When she was chairwoman of the Costume Institute galas at the Metropolitan Museum, Buckley made it a point to circulate, the curator in charge at the Institute, Harold Koda, told me yesterday. And she made the rounds not only at the big-ticket dinner, but also at the dessert and dance for the younger set (such is the popularity of the party that the cheaper ticket no longer exists).

She was known for her raucous, if not raunchy, sense of humor; as a hostess, she showed her sweetness.

“One night I was helping her find her driver,” Mr. Koda said. “At the information kiosk there was a group of fashion students — that’s how long ago this was, that fashion students were at the party — and this young man yelled at her, ‘Pat, I love your legs.’ She walked up to him with this fierce expression, lifted her skirt, and gave him her goody bag.”

In November 2004 I attended her election night party at her Upper East Side home. Among the guests were the designers whose clothes she loved wearing: Oscar de la Renta and Carolina Herrera.

With a broken shoulder, she was in some pain. A Bush victory “would make me feel better,” she said.

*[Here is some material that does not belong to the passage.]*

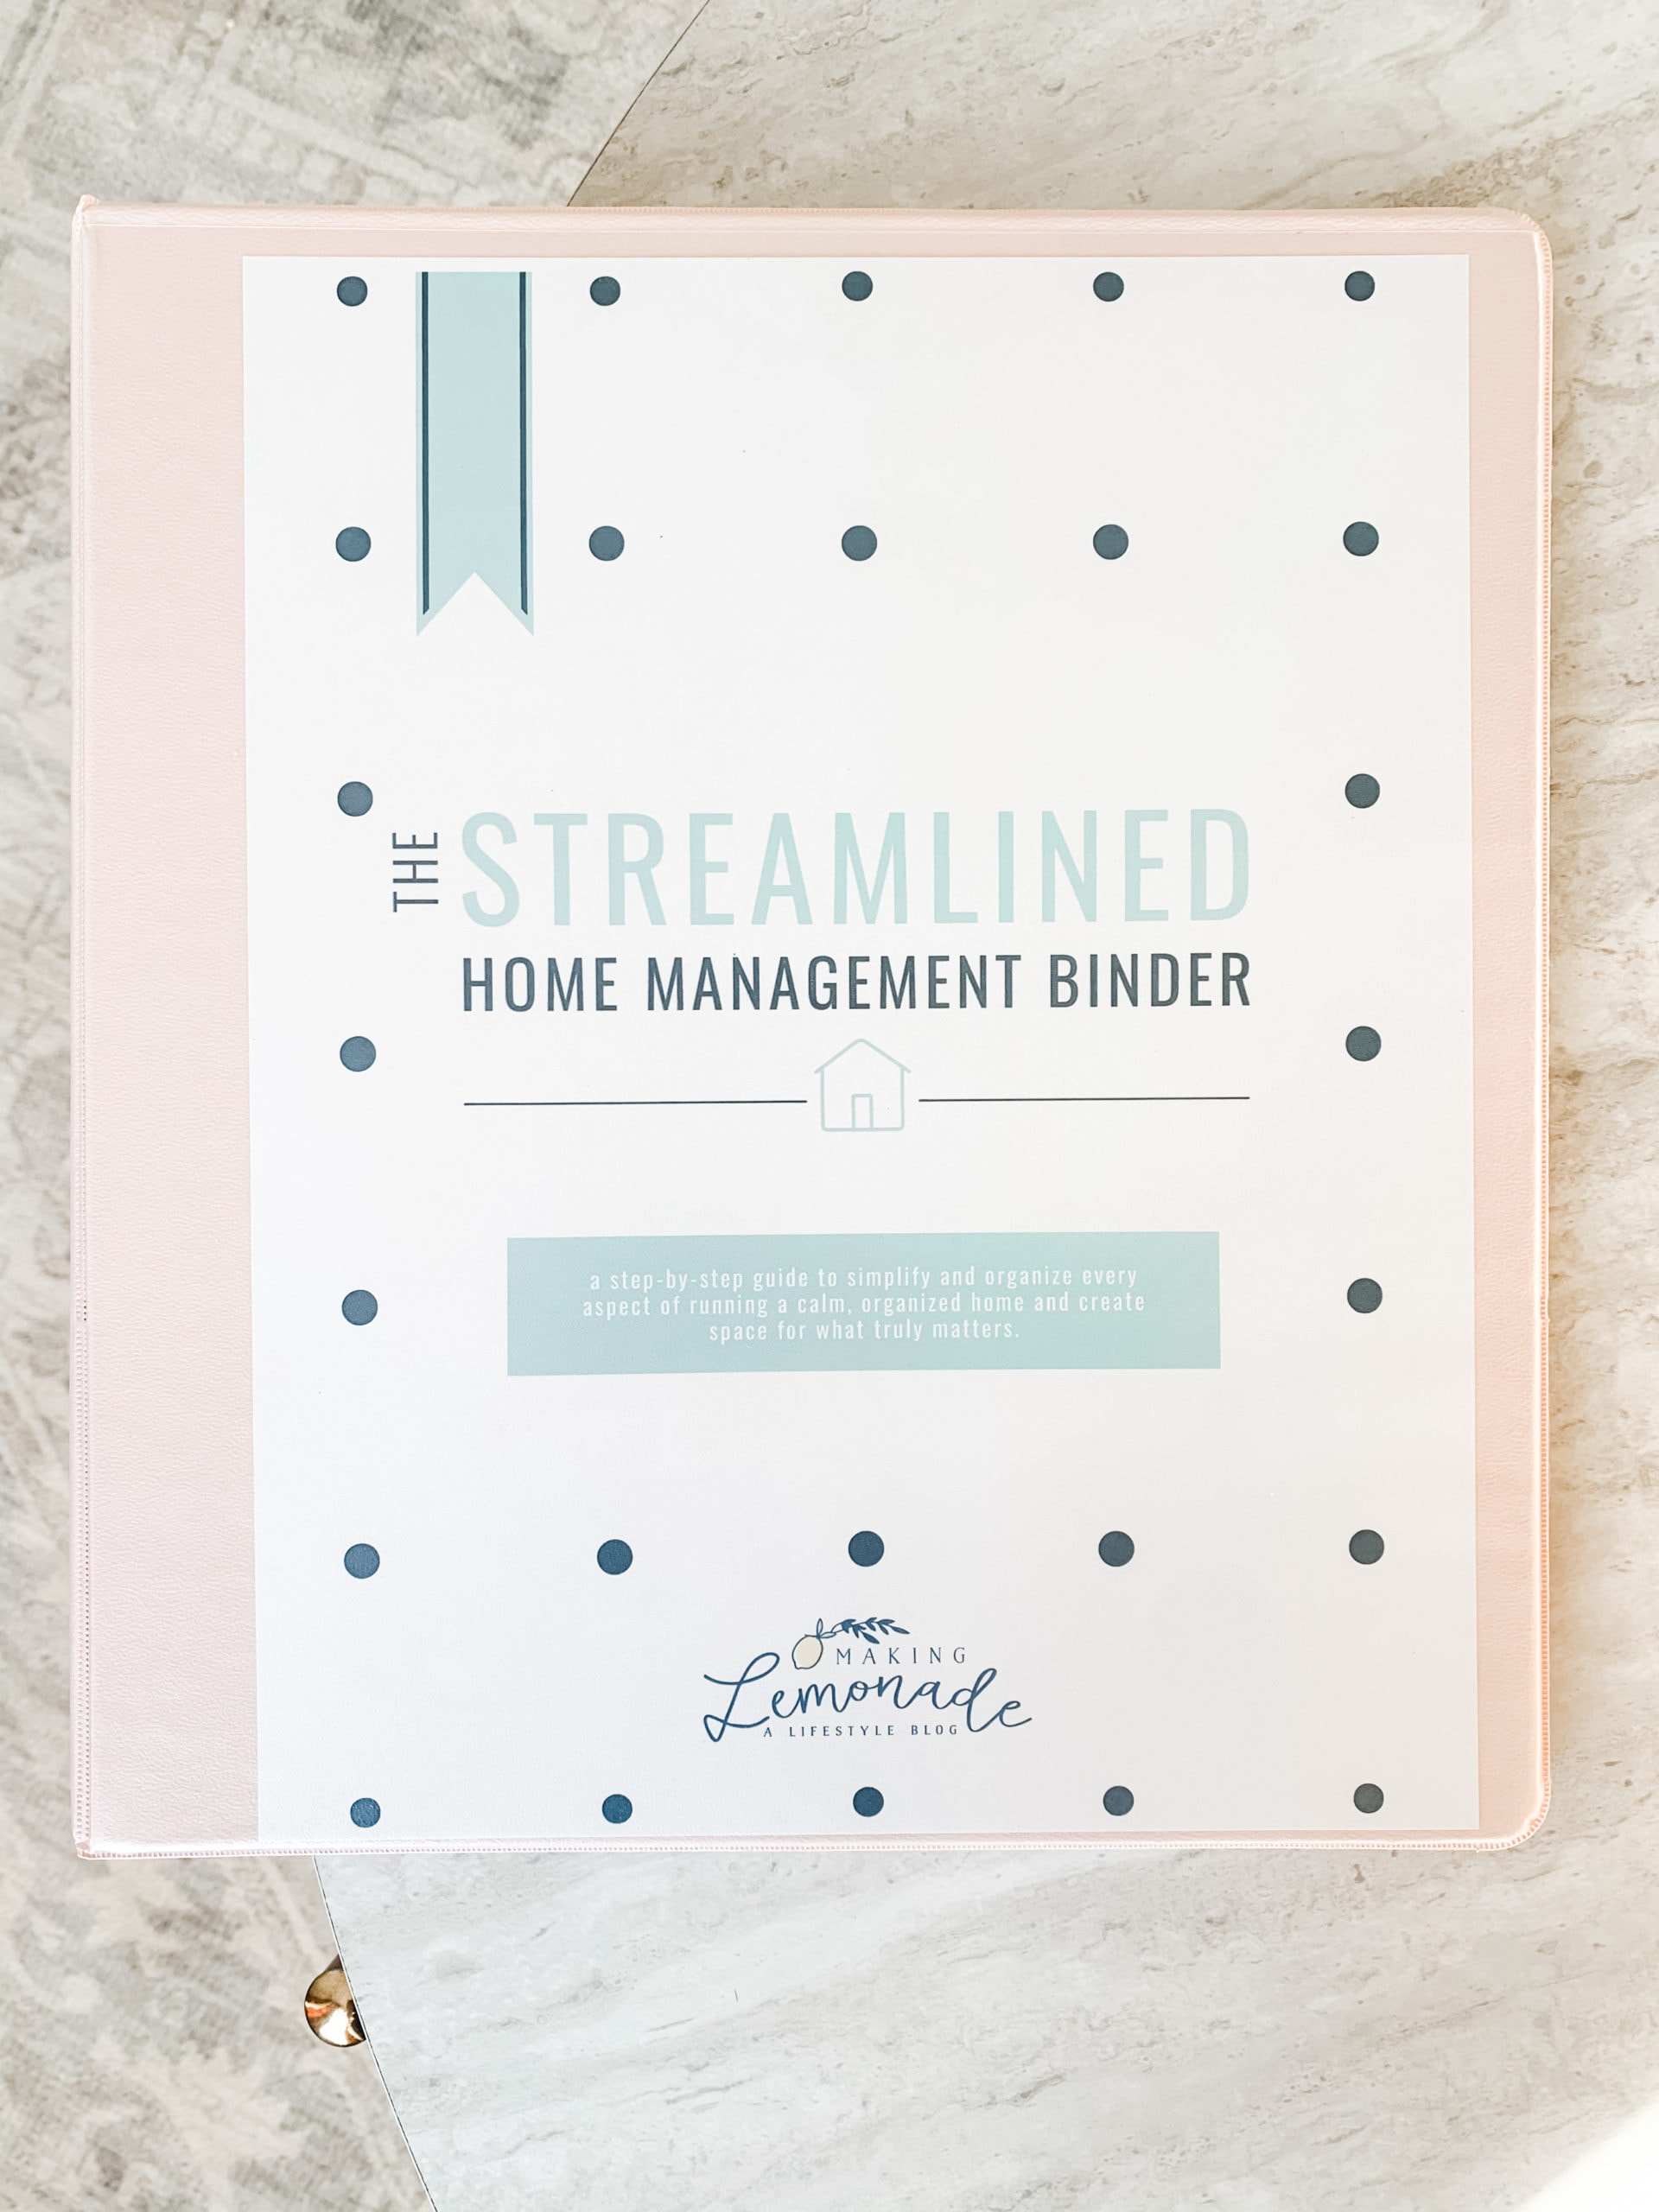 streamlined home binder on table
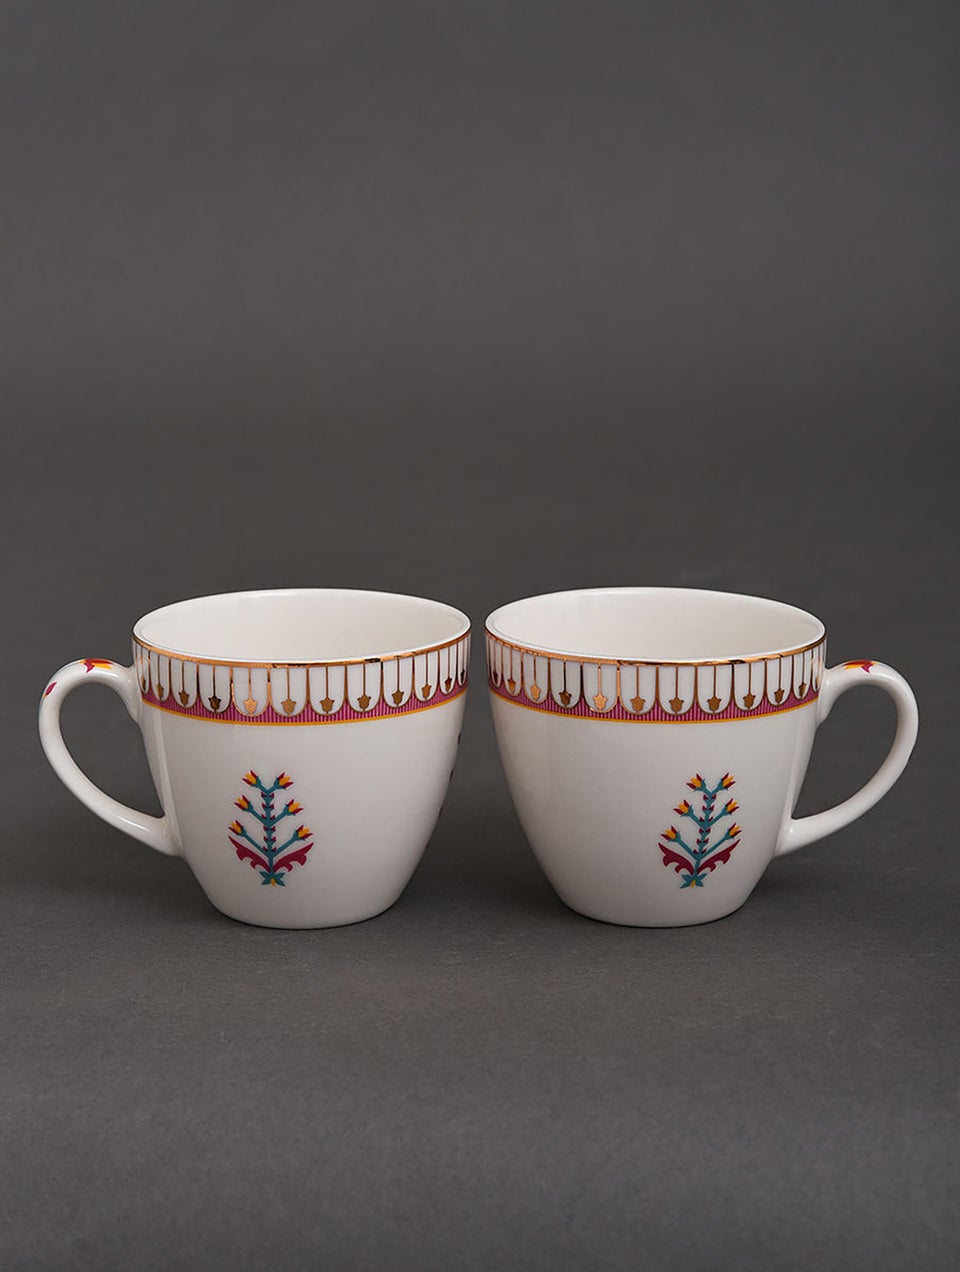 Handcrafted Porcelain Paithan Tea Cups With 24 Karat Gold Work In A Gift Box

She had put out, as was her custom, a fabulous spread. “It’s pickup food,” she told me. “Caviar, lamb chops, paté, and filet.”

“She had the best food always, extraordinary, and always unusual — currys, scallop dishes,” a friend and frequent guest at the Buckleys’ home in Connecticut, Shirley Lord Rosenthal, said. “And Bill would always find a wine to match from the cellar.”

Mrs. Rosenthal and Buckley played gin rummy together in the late afternoon. At around half past 6, they would go to the music room, where Mr. Buckley would play the harpsichord or piano.

Friendships were important to her, perhaps none more so than the one she had with Nan Kempner. “The banter was always really funny. They’d been practicing for years,” Mr. Koda said.

When Kempner died in the fall of 2005, Buckley paved the way for an exhibition at the Costume Institute devoted to her wardrobe. She and Deeda Blair took Mr. Koda to lunch in the museum trustees’ dining room. “They were pretty brutal with me,” Mr. Koda said. “They said you’d be a fool not to do it.”

Mrs. Buckley outlined the concept for the show: to have it all together for people to see the way Kempner curated her wardrobe.

Buckley accompanied Mr. Koda on visits to Kempner’s apartment, sitting on the couch while he reviewed racks and racks of couture. “She’d say, ‘That was what she wore to the Central Park Conservancy lunch,’ or the library dinner — she remembered a good number of things, especially evening wear,” Mr. Koda said.

Mr. Koda talked with Buckley about doing an exhibition of her clothes. She refused, explaining that her important pieces, including the Jacques Fath gown in which she was married, had been destroyed in a fire at her home.

And so the clothes, like the person, will have to survive in memories.